Как открытый конфликт Пригожина с Минобороны (а теперь еще и с Кадыровым) формирует контуры послевоенной «России без Путина». Интервью политолога Дмитрия Орешкина
— Вы много раз говорили, что после Путина будет только хуже.
— И сейчас говорю.
— Как вы представляете себе это «после Путина»? И чем оно будет хуже?
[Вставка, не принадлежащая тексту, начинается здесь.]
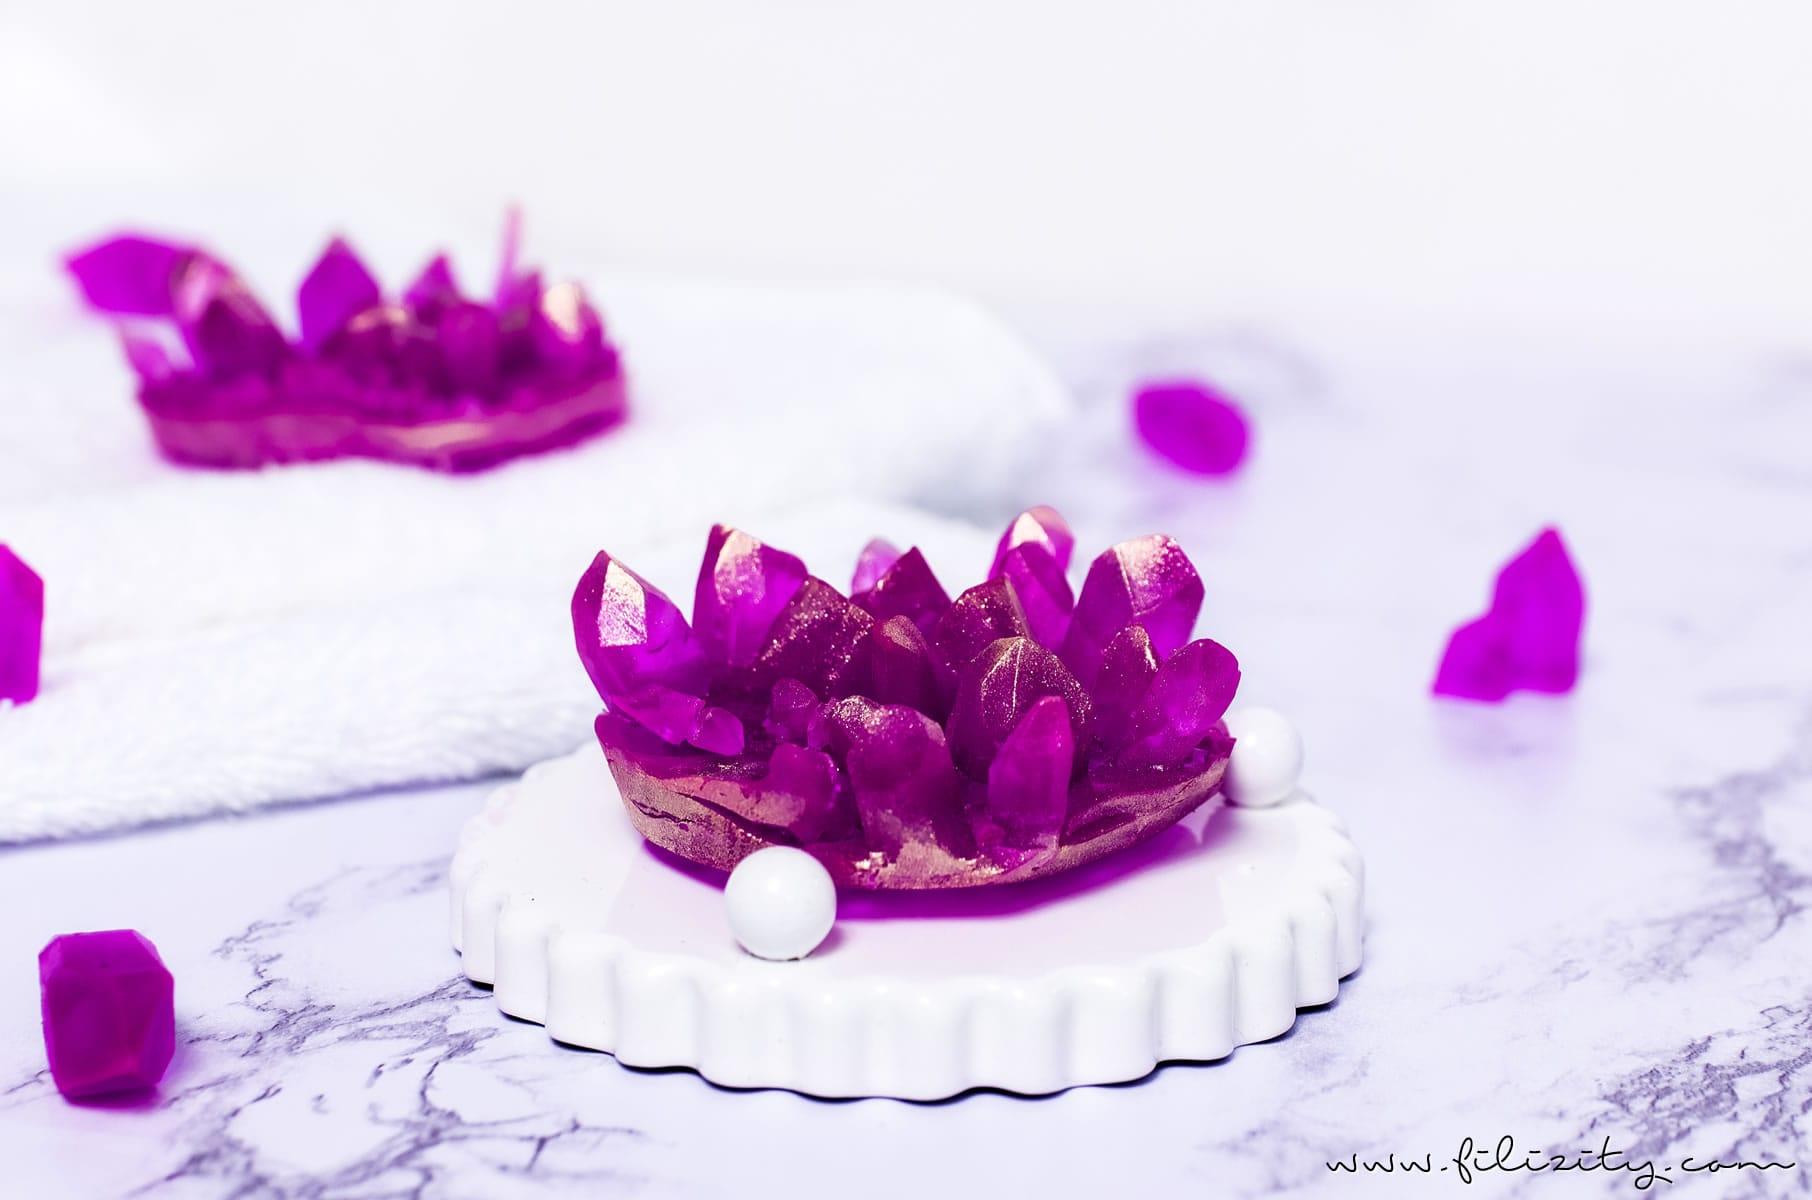 DIY Geschenkidee: Kristall-Seife selber machen

— На днях пригожинцы изловили подполковника российской армии, который пытался минировать пути их отступления из Бахмута, а потом по ним стрелял. Будучи матерыми вояками, они взяли армейцев в клещи, а подполковника захватили в плен и допросили на камеру. Спросили, зачем он это делал. Он ответил: из личной неприязни и спьяну.
— Полный какой-то сюр.
— На самом деле, за этим стоит как раз то, о чем я и говорю давно. Это и есть разрушение государственности. Реальная государственность — это совокупность институций, которые действуют сами по себе, вне конкретного персонального наполнения. Есть такое понятие, как Конституция, есть такое понятие, как парламентаризм. Есть такое понятие, как суд. Есть такое понятие, как законы, и они должны действовать вне зависимости от конкретного начальника. И конкретный начальник этим законам должен подчиняться. Это называется государством. Правильнее сказать — state. Потому что русское слово «государство» связано с государем. Государь, если верить Ивану Васильевичу Грозному, это собственник, господарь. Частный собственник государства. А state — это европейская, западная модель, где институции важнее личности. Личность, будь то Обама, Трамп или Байден, вынуждена договариваться с Конгрессом, с Сенатом, с Верховным судом, с прессой, она произвола учинить не может. Если, конечно, власть не берет такая личность, как Трамп, пытаясь подчинить себе институты и сделать из государства вождество.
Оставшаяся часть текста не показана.